Terms and conditions

Generelle betingelser

Contributors of language resources

The purpose of the portal sprogteknologi.dk is to provide easy and centralized access to metadata about Danish language resources to support the development of language technology and artificial intelligence in Danish, thus helping to ensure that the digital language in Denmark is Danish. The portal also offer the providers to display their language resources, get their organization name and logo posted at the portal as well as the capability to have their resource metadata harvested by Danish Common Public Dataportal and The European Dataportal.

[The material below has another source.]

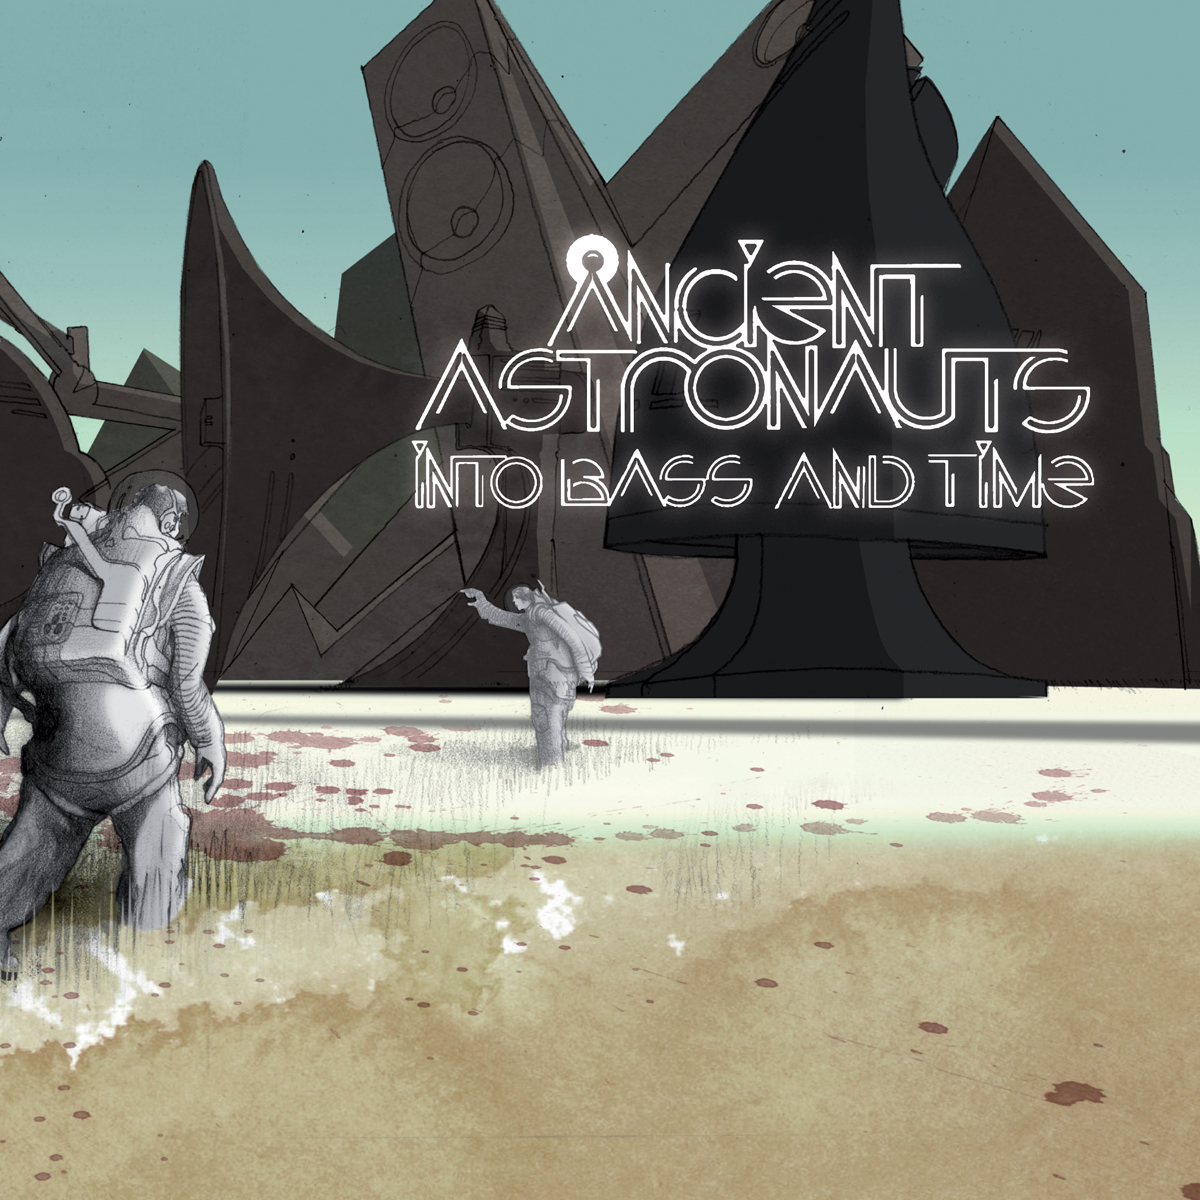 Ancient Astronauts - Impossible

The portal encourages contributors of language resources to:

  • confirm the metadata description that the portal contains about your language resources
  • confirm or inform the secretariat if there are changes in the metadata description about the language resources that you have provided on the platform
  • confirm that the portal only display metadata description about those of your language resources that are not payment imposed
  • confirm or indicate under which license your language resources may be used

What kind of access right does the user have?

The portal sprogteknologi.dk contains metadata about resources and datasets that are either public or partly public where resources and datasets only are available under certain conditions for example academic research or a specific use under special conditions. The portal does not display metadata about language resources that are payment imposed or require a payment fee for access to the language resource. 

Licenses

It is the responsibility of the resource contributor to define under which conditions the data may be used. Hence, the contributor must indicate under which license, the language resource can be assigned a reference to a license document.  It is recommended that the language resource is assigned a license that is as open as possible (eg Creative Commons). 

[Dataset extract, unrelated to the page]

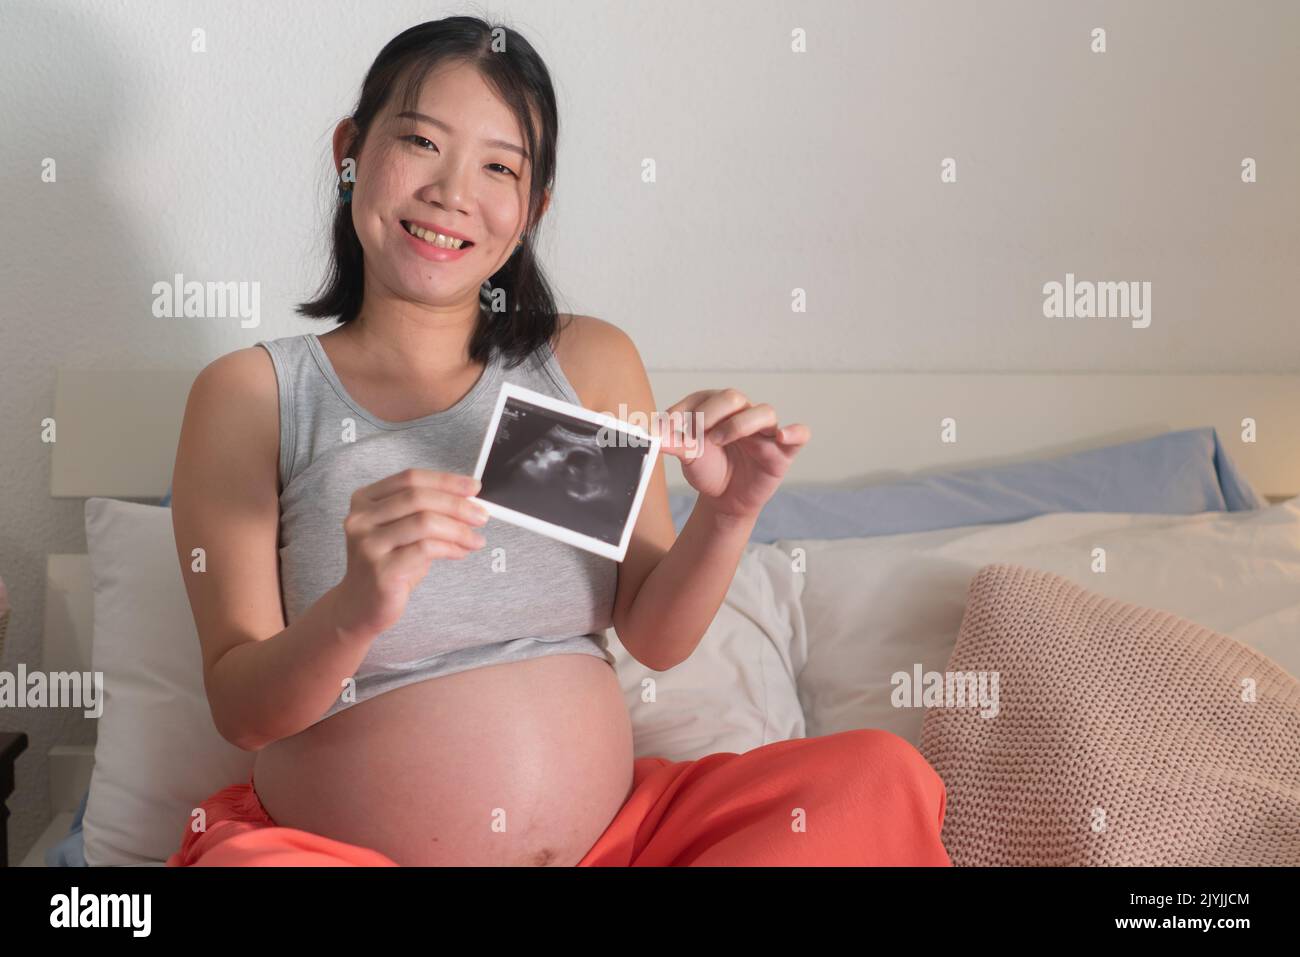 lifestyle home portrait of young happy and beautiful Asian Chinese woman pregnant sitting on bed holding ultrasound photo excited in pregnancy and mat Stock Photo

Ethical usage of language resources

The development of language technology solutions contains great possibilities for innovation. However, as with all uses of data, a range of ethical considera-tions regarding for instance biases in data and risks of misuse of data follows.

We urge both data providers and data users to actively attempt to avoid biases by making sure that every gender, age group, population group and so on are represented in the data and clearly stating when biases are unavoidable. At all times, users of sprogteknologi.dk are expected to use data in an ethically respon-sible way that, by no means possible, can lead to misleading or cause harm. Moreover, it should always be clear when the users are interacting with a ma-chine and not a human being.
Find more information about principles and tools for supporting data ethics for instance at Dataetisk Råd (Dataetisk Råd | Nationalt Center for Etik).

FAIR principles 

Metadata descriptions at the platform must strive to live up to the FAIR principles. By registering and displaying metadata on the portal, the findability will increase and the metadata descriptions at the platform are detailed and readable to both humans and machines.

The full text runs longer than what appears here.